After neoadjuvant chemoradiotherapy (nCRT) plus surgery for oesophageal cancer, 29 per cent of patients have a pathologically complete response in the resection specimen. Active surveillance after nCRT (instead of standard oesophagectomy) may improve health-related quality of life (HRQoL), but patients need to undergo frequent diagnostic tests and it is unknown whether survival is worse than that after standard oesophagectomy. Factors that influence patients' preferences, and trade-offs that patients are willing to make in their choice between surgery and active surveillance were investigated here.

METHODS

A prospective discrete-choice experiment was conducted. Patients with oesophageal cancer completed questionnaires 4-6 weeks after nCRT, before surgery. Patients' preferences were quantified using scenarios based on five aspects: 5-year overall survival, short-term HRQoL, long-term HRQoL, the risk that oesophagectomy is still necessary, and the frequency of clinical examinations using endoscopy and PET-CT. Panel latent class analysis was used.

RESULTS

Some 100 of 104 patients (96·2 per cent) responded. All aspects, except the frequency of clinical examinations, influenced patients' preferences. Five-year overall survival, the chance that oesophagectomy is still necessary and long-term HRQoL were the most important attributes. On average, based on calculation of the indifference point between standard surgery and active surveillance, patients were willing to trade off 16 per cent 5-year overall survival to reduce the risk that oesophagectomy is necessary from 100 per cent (standard surgery) to 35 per cent (active surveillance).

CONCLUSION

Patients are willing to trade off substantial 5-year survival to achieve a reduction in the risk that oesophagectomy is necessary.

摘要

背景

在接受新辅助放化疗(nCRT)加手术治疗食管癌后,29%的患者在切除标本中出现病理完全缓解。

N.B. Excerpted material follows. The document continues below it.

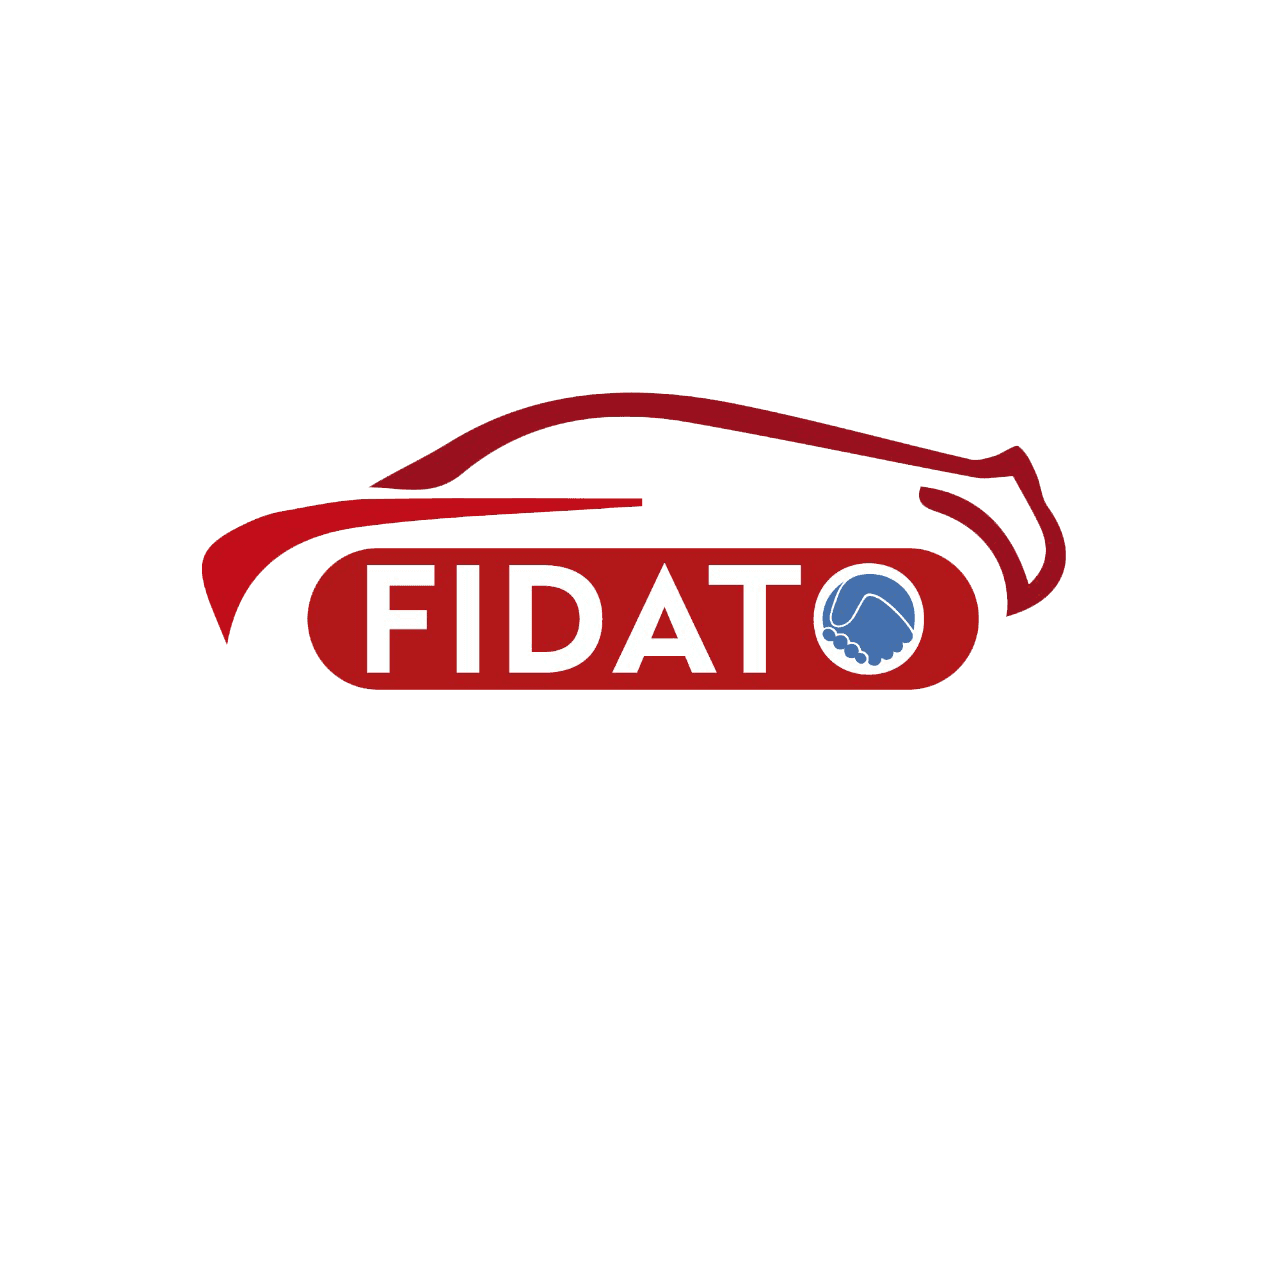 FIDATO CAR SERVICES PRIVATE LIMITED

nCRT 后进行主动监测(而非标准的食管癌切除术)可能会提高健康相关生活质量(HRQoL),但患者需要进行频繁的诊断性检查,而且尚不清楚生存情况是否比标准食管癌切除术差。本研究旨在探讨影响患者偏好的因素以及患者在手术和主动监测之间的权衡取舍。

方法

前瞻性离散选择试验。在 nCRT 后 4-6 周,即手术前,患者完成了问卷调查。使用基于五个方面的情景来量化患者的偏好:5 年总生存率、短期 HRQoL、长期 HRQoL、仍需进行食管癌切除术的风险以及使用内镜和 PET-CT 进行临床检查的频率。采用面板潜在类别分析。

结果

104 例患者中有 100 例(96.2%)做出了回应。除了临床检查的频率外,所有方面都影响了患者的偏好。5 年总生存率、仍需进行食管癌切除术的风险和长期 HRQoL 是最重要的属性。平均而言,根据标准手术和主动监测之间的无差异点计算,患者愿意以 16%的 5 年总生存率为代价,将食管癌切除术仍需进行的风险从 100%(标准手术)降低至 35%(主动监测)。

结论

患者愿意牺牲大量的 5 年生存率来降低食管癌切除术仍需进行的风险。